ACTIVITY → Transcribe nothing except the lines below that run from the one with "Fender USA Limited" to the one with "paper plane stock illustration - photo #28", ends included, and do not copy any picture.

EXERCISE INPUTS →

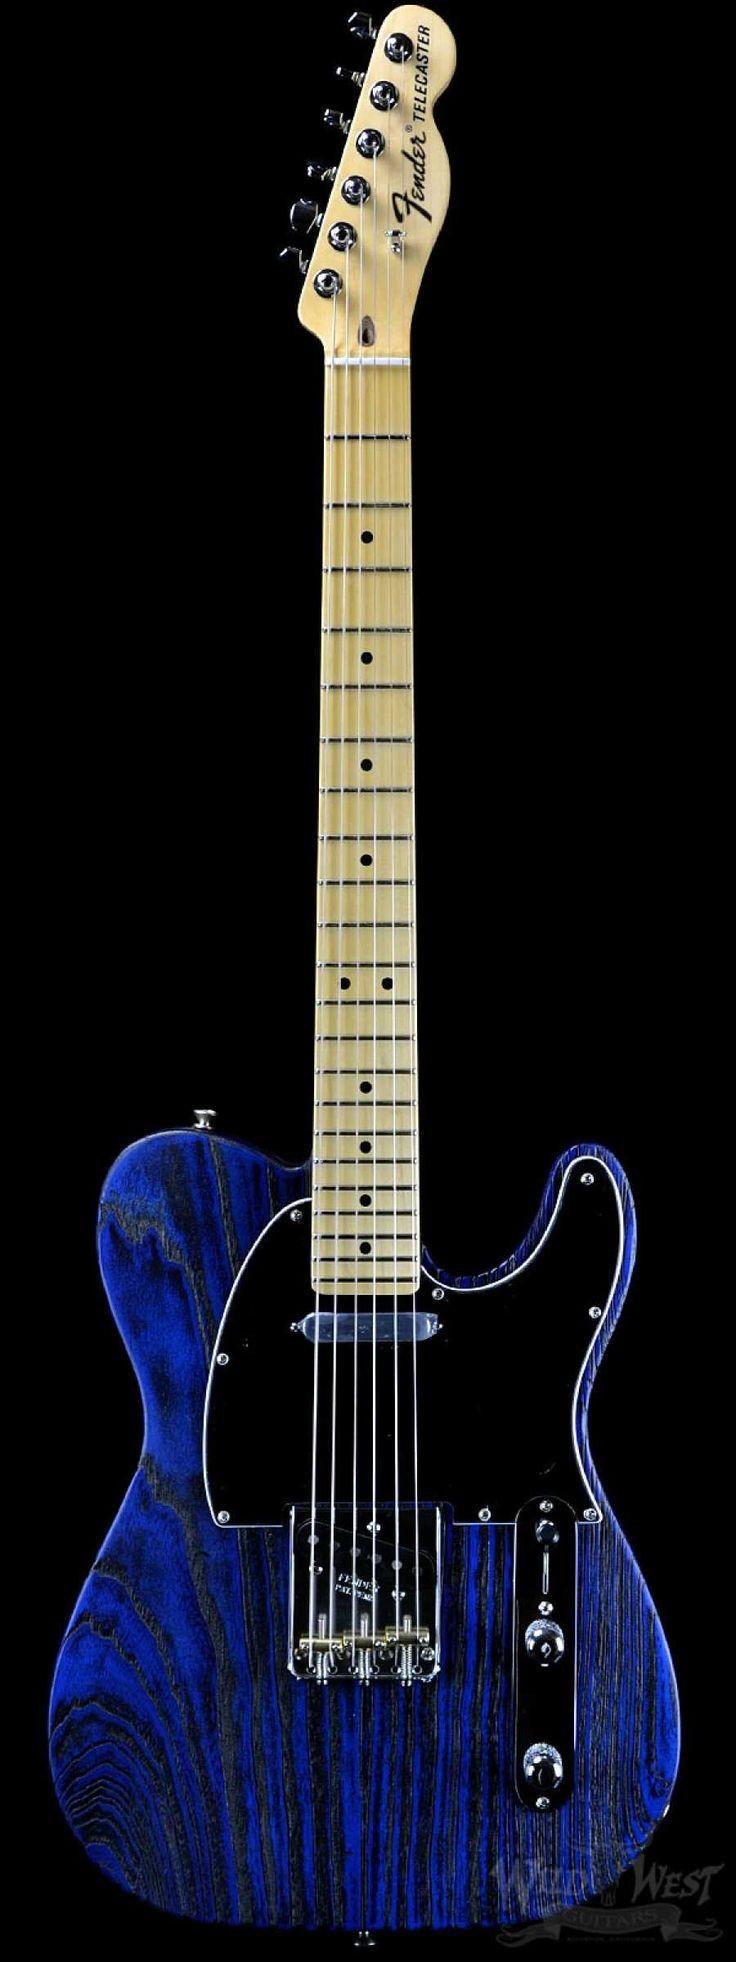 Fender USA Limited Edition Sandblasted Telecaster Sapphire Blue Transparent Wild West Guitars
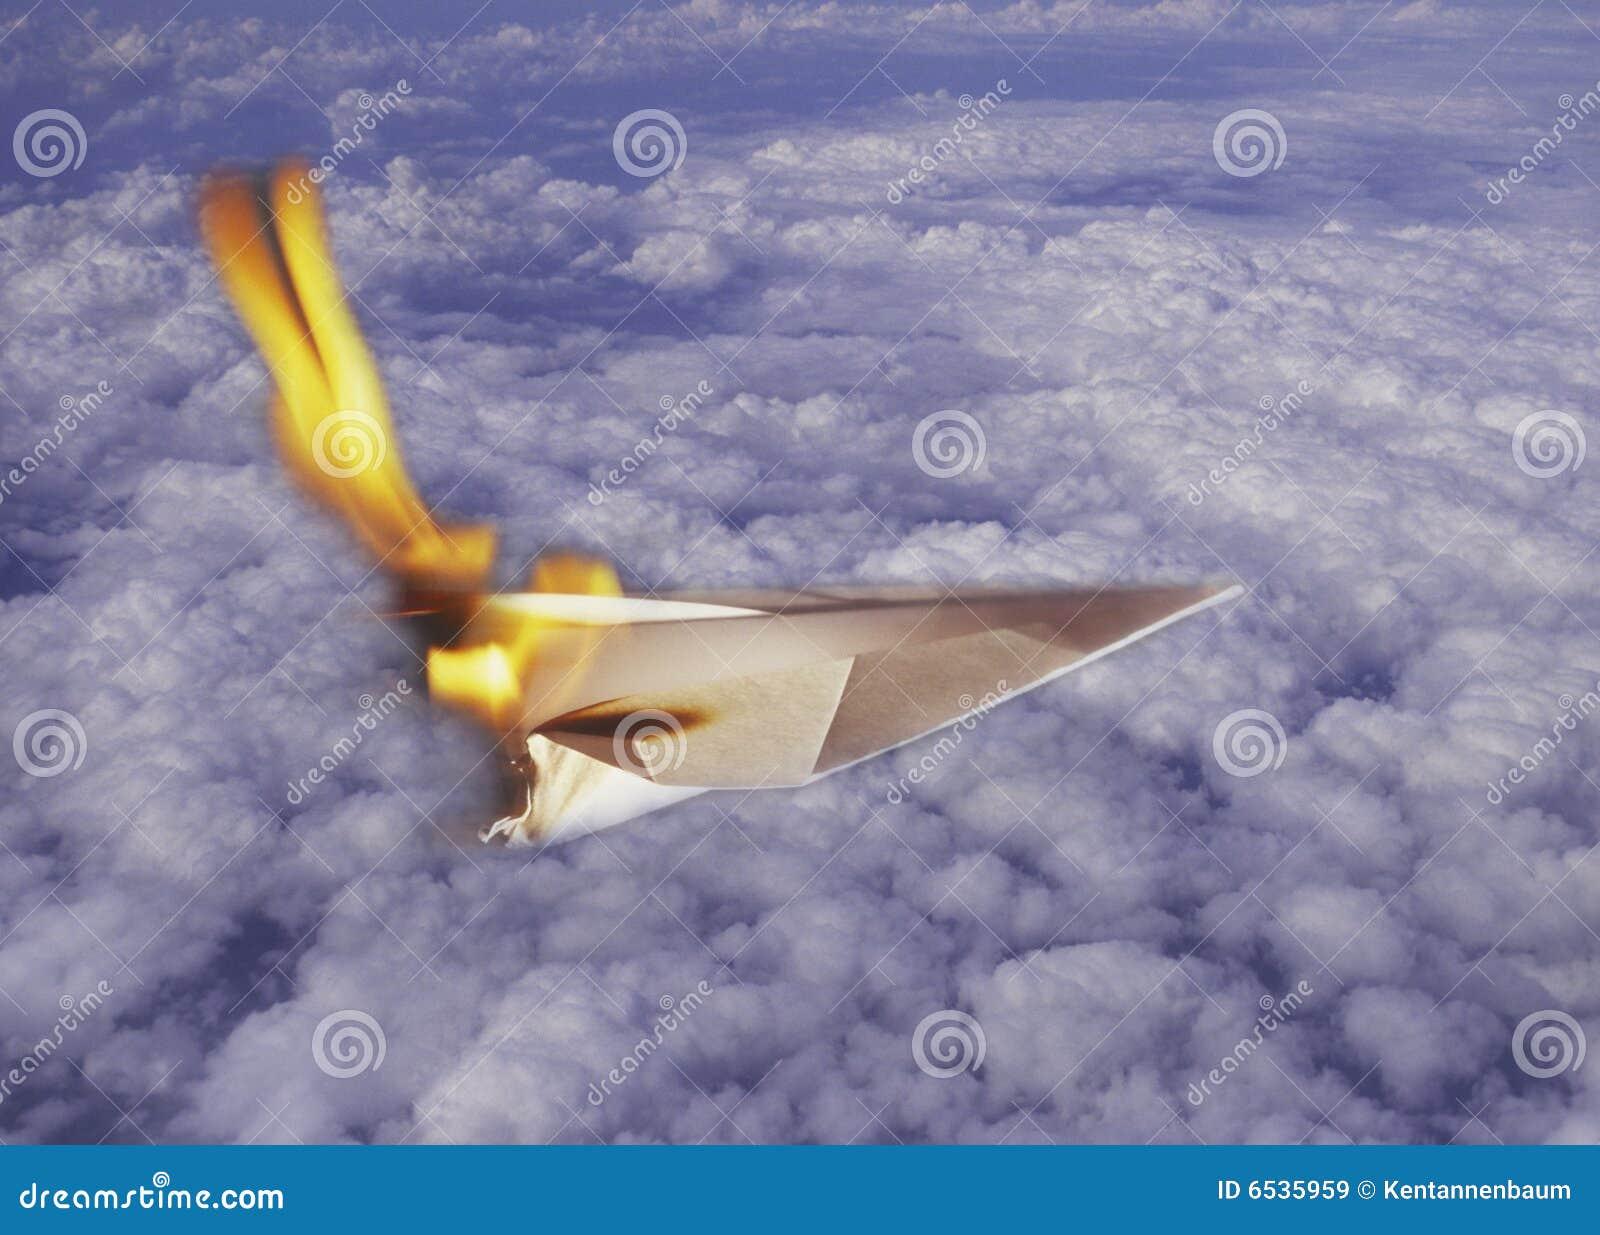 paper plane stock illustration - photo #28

---

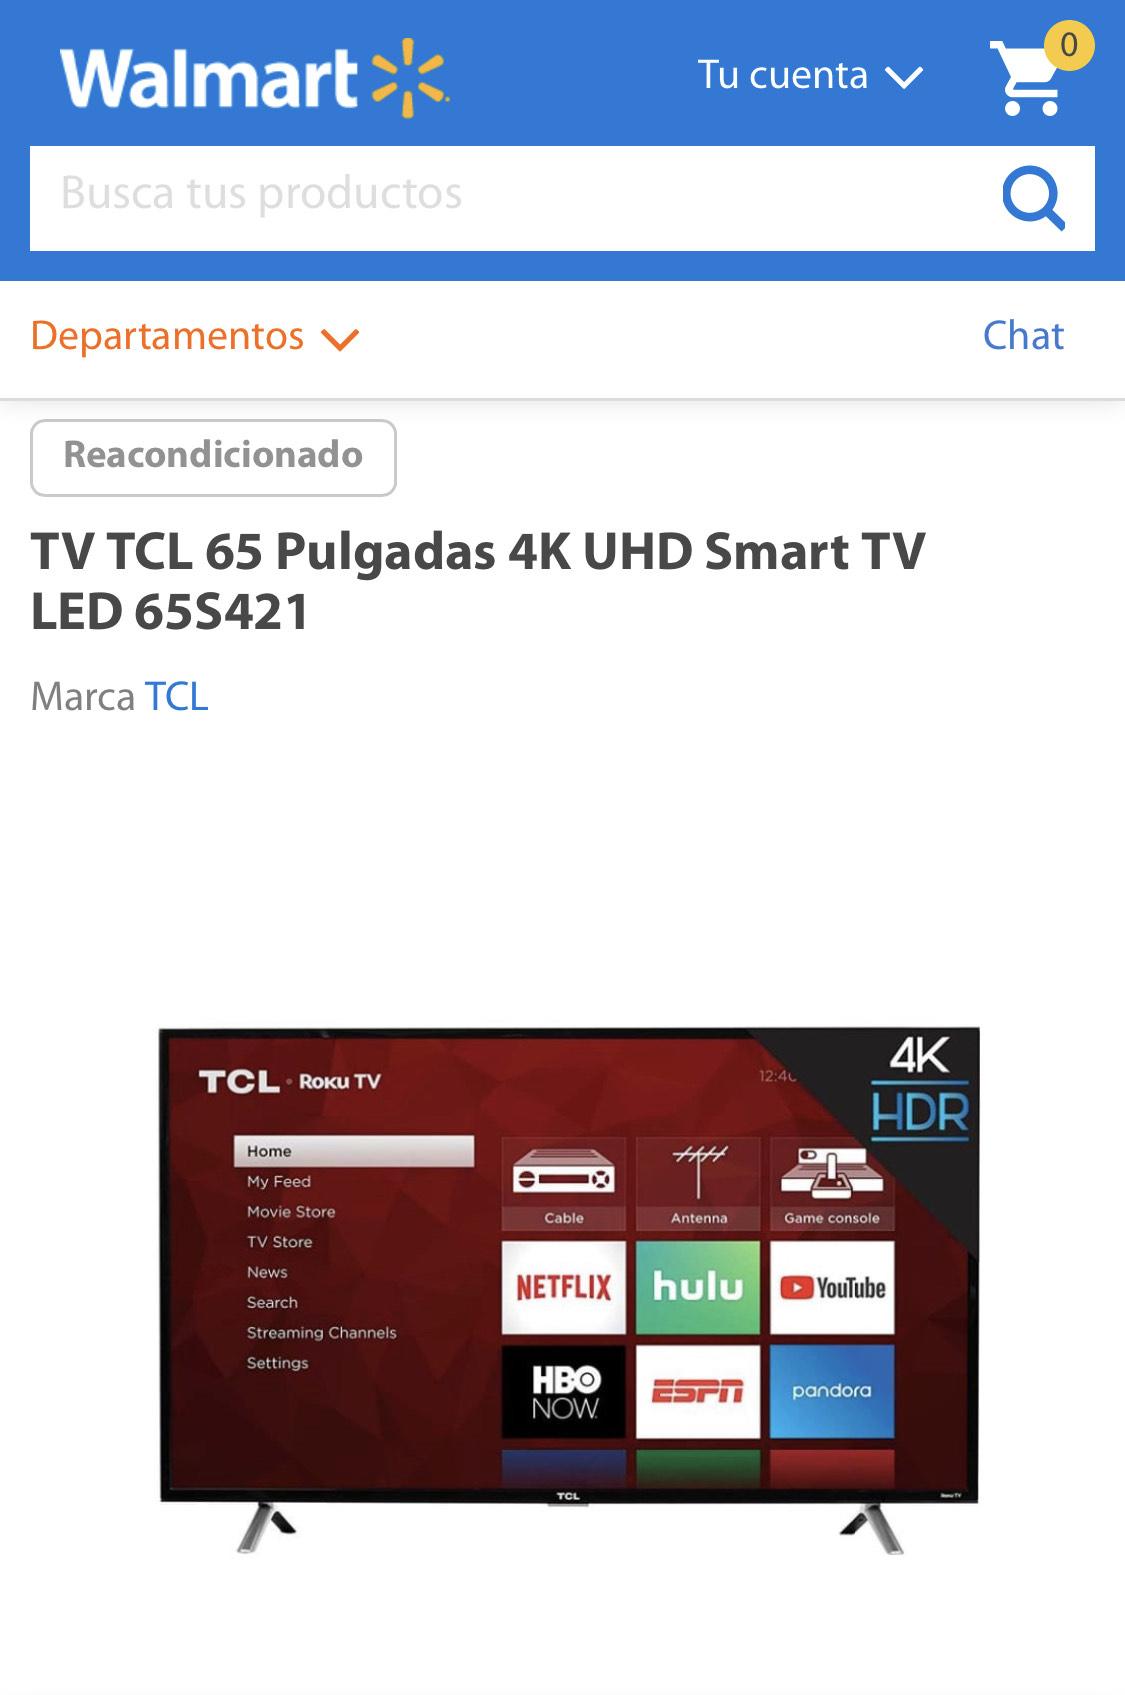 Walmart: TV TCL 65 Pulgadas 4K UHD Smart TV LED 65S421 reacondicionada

...

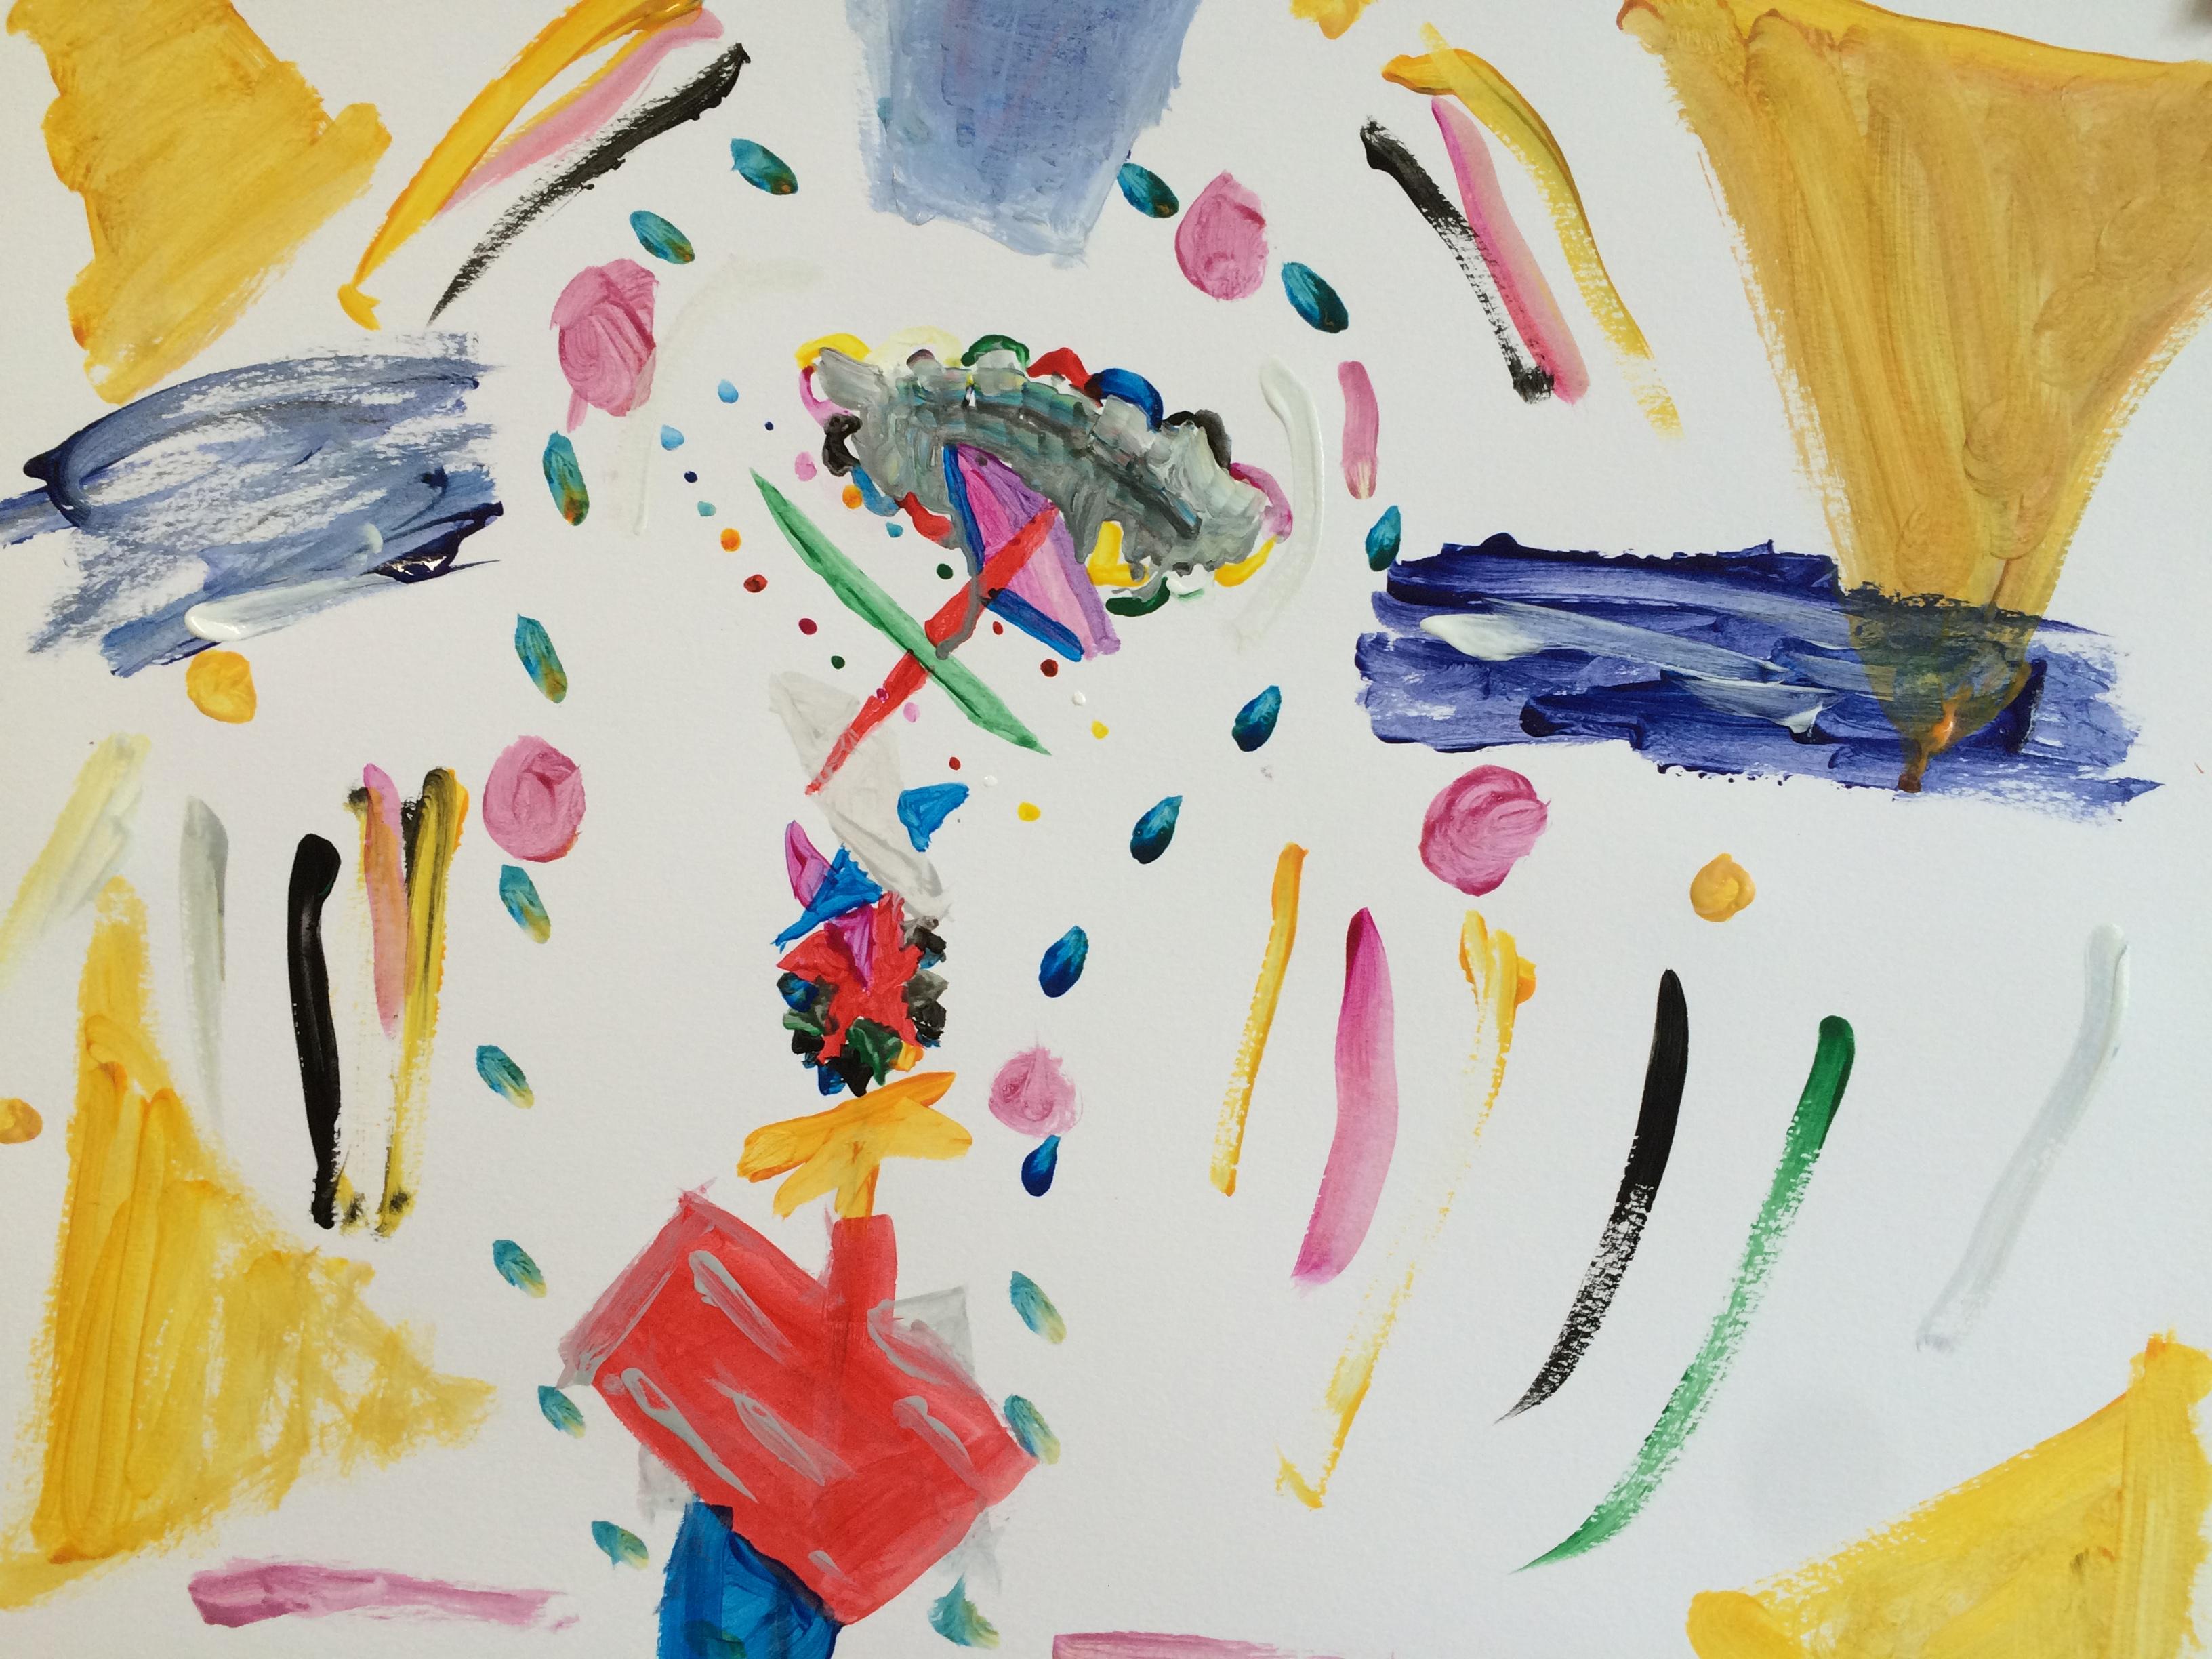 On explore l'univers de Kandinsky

YOUR SOLUTION →
 Fender USA Limited Edition Sandblasted Telecaster Sapphire Blue Transparent Wild West Guitars
 paper plane stock illustration - photo #28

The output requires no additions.